/---

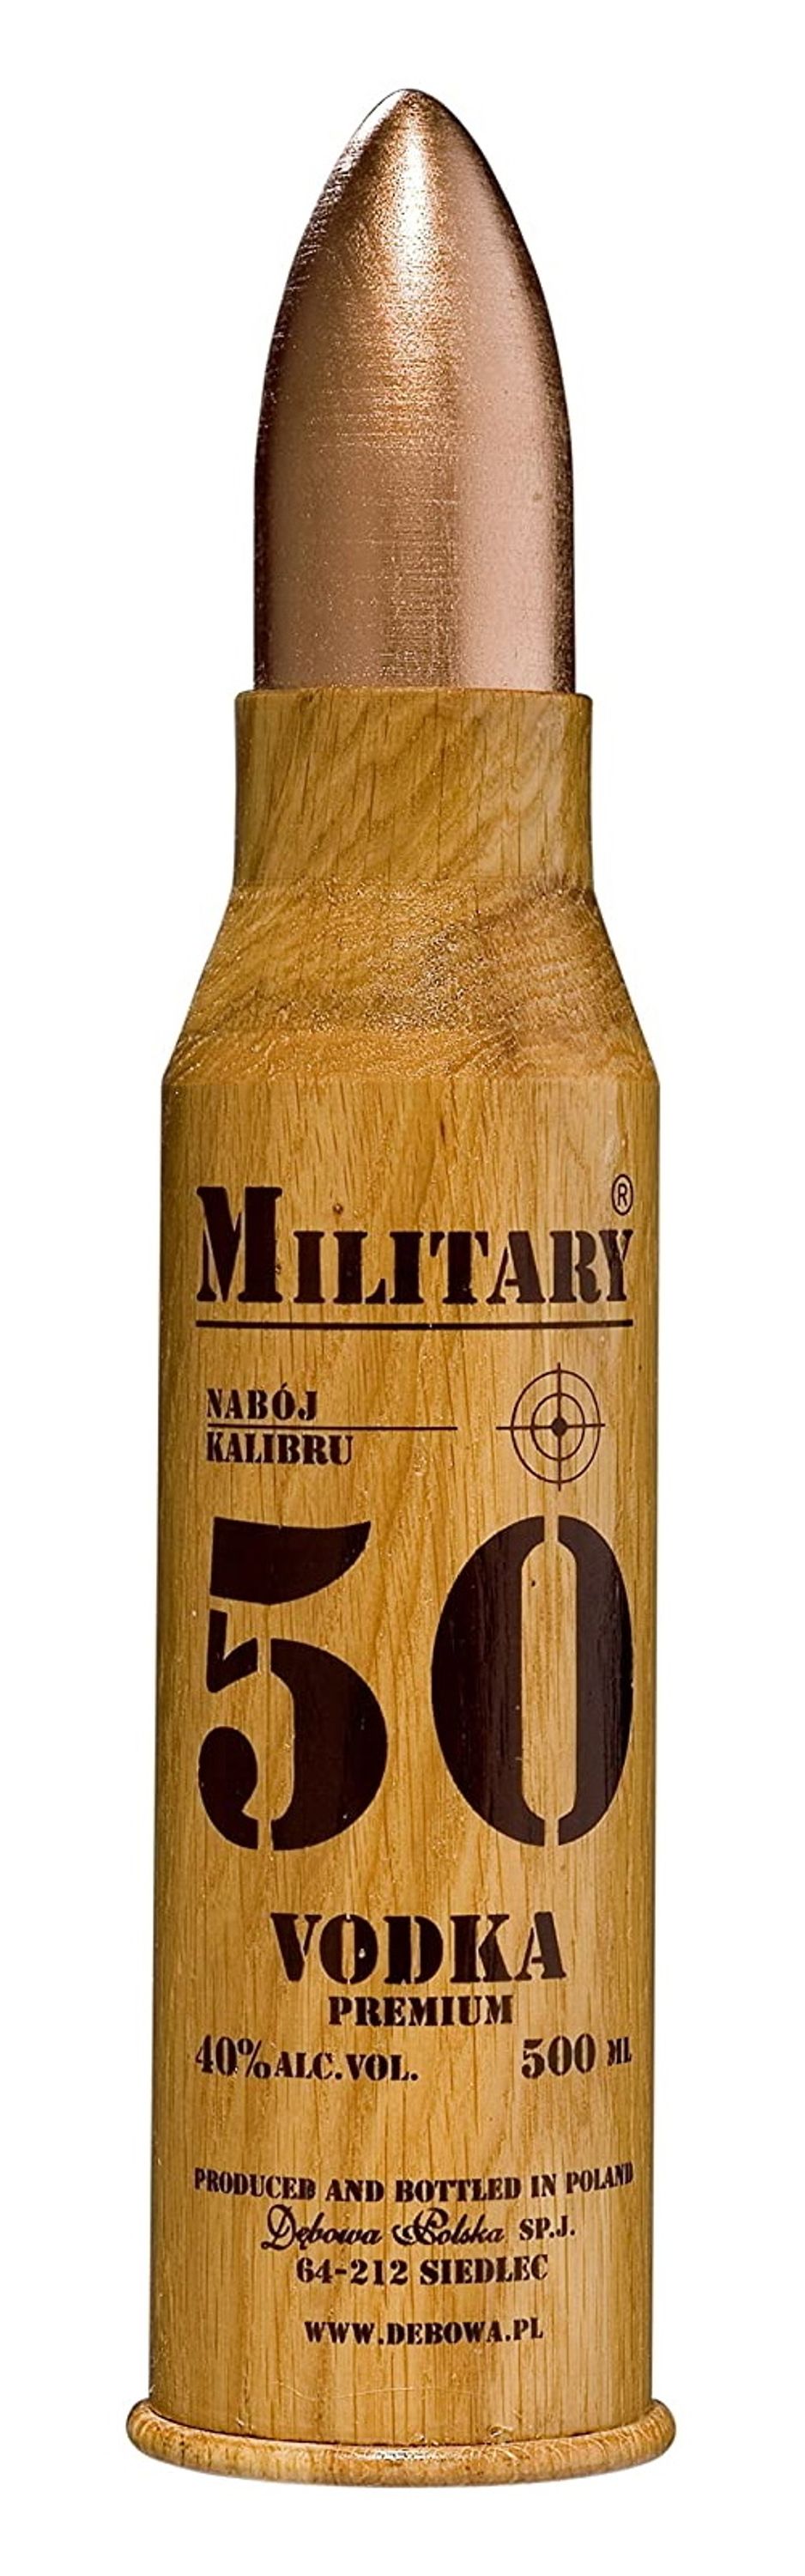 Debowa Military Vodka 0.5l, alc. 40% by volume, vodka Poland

\---
/---

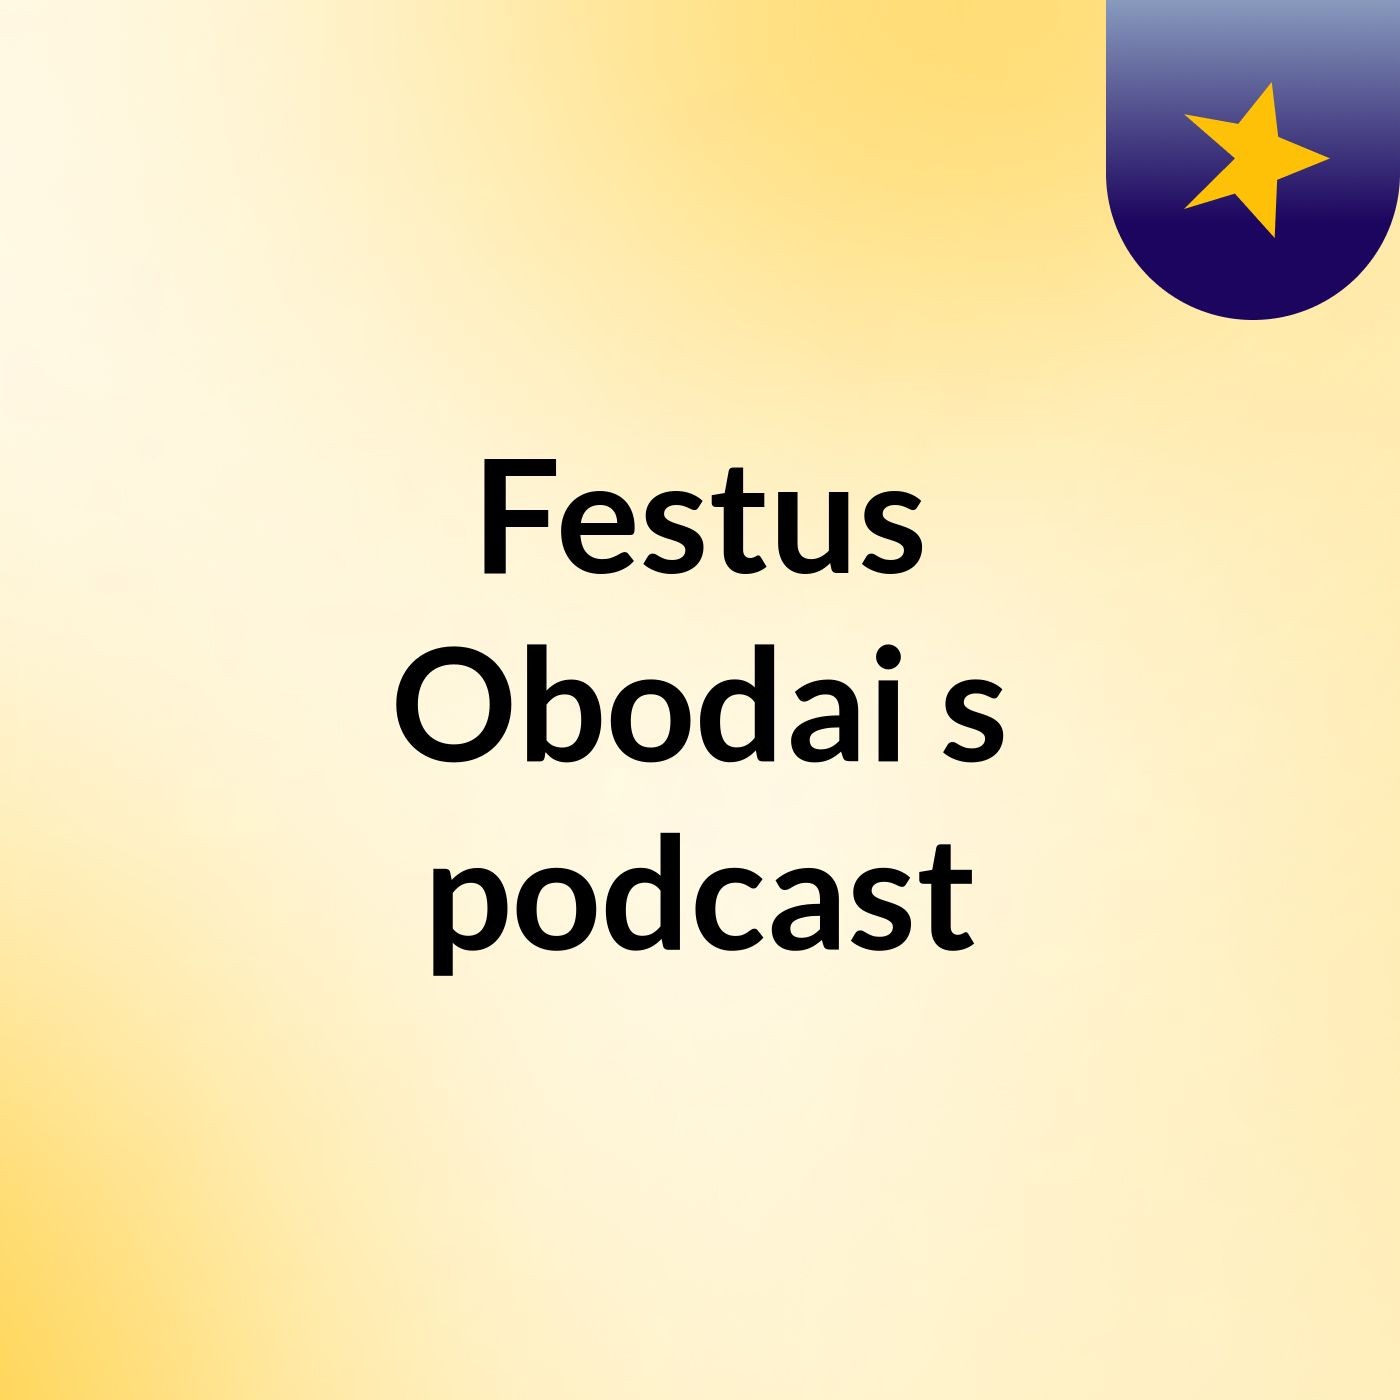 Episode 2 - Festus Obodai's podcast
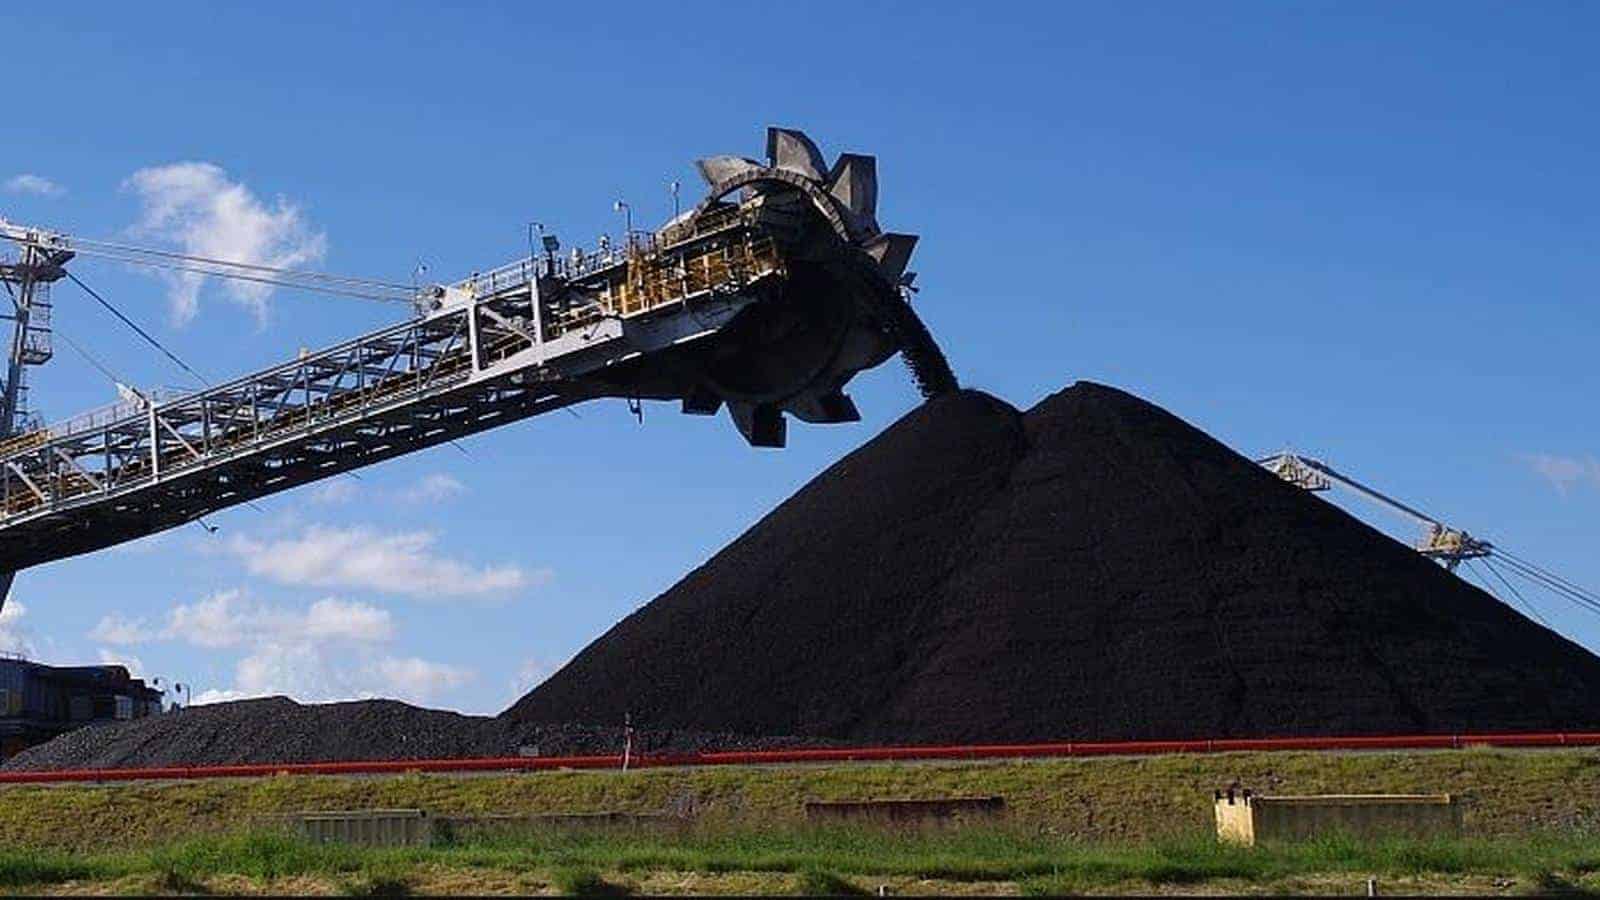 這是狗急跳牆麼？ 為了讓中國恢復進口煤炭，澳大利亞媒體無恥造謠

\---
/---

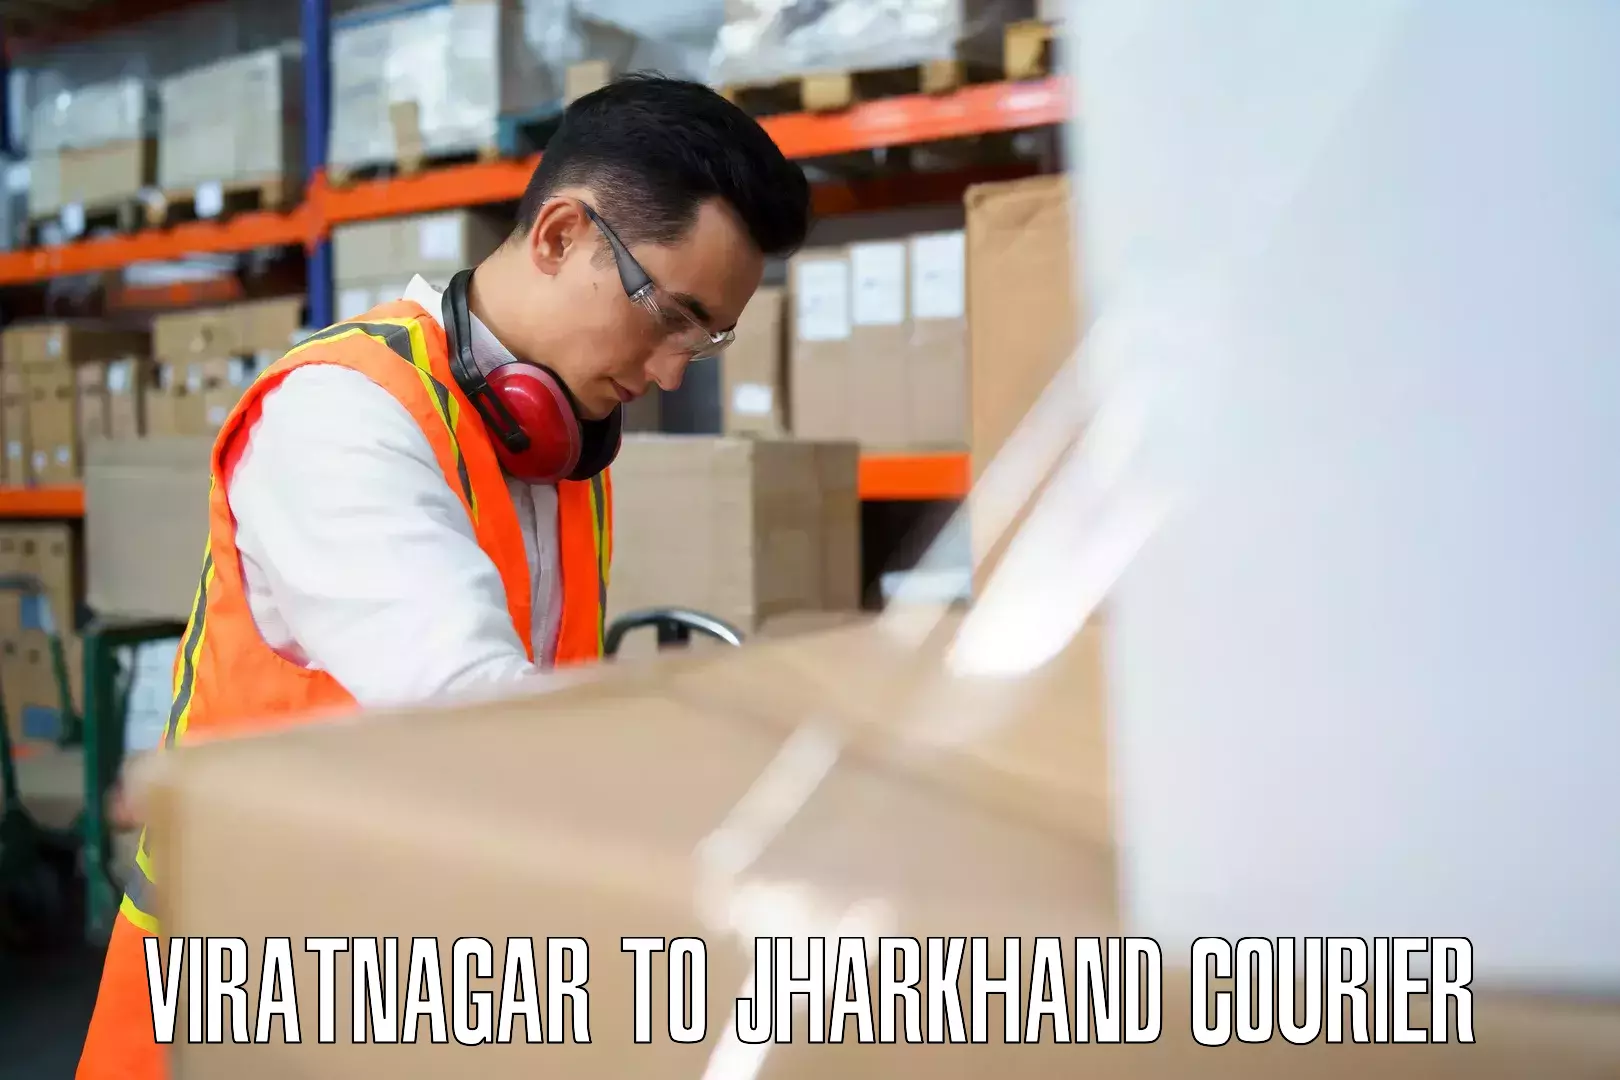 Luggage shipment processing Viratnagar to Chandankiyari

\---

__Exercise brief__:
Among the entries above, take the lines from the one with "Episode 2 - Festus Obodai's podcast" through the one with "這是狗急跳牆麼？ 為了讓中國恢復進口煤炭，澳大利亞媒體無恥造謠" and retype them exactly, leaving out the pictures.

__Answer to this task__:
 Episode 2 - Festus Obodai's podcast
 這是狗急跳牆麼？ 為了讓中國恢復進口煤炭，澳大利亞媒體無恥造謠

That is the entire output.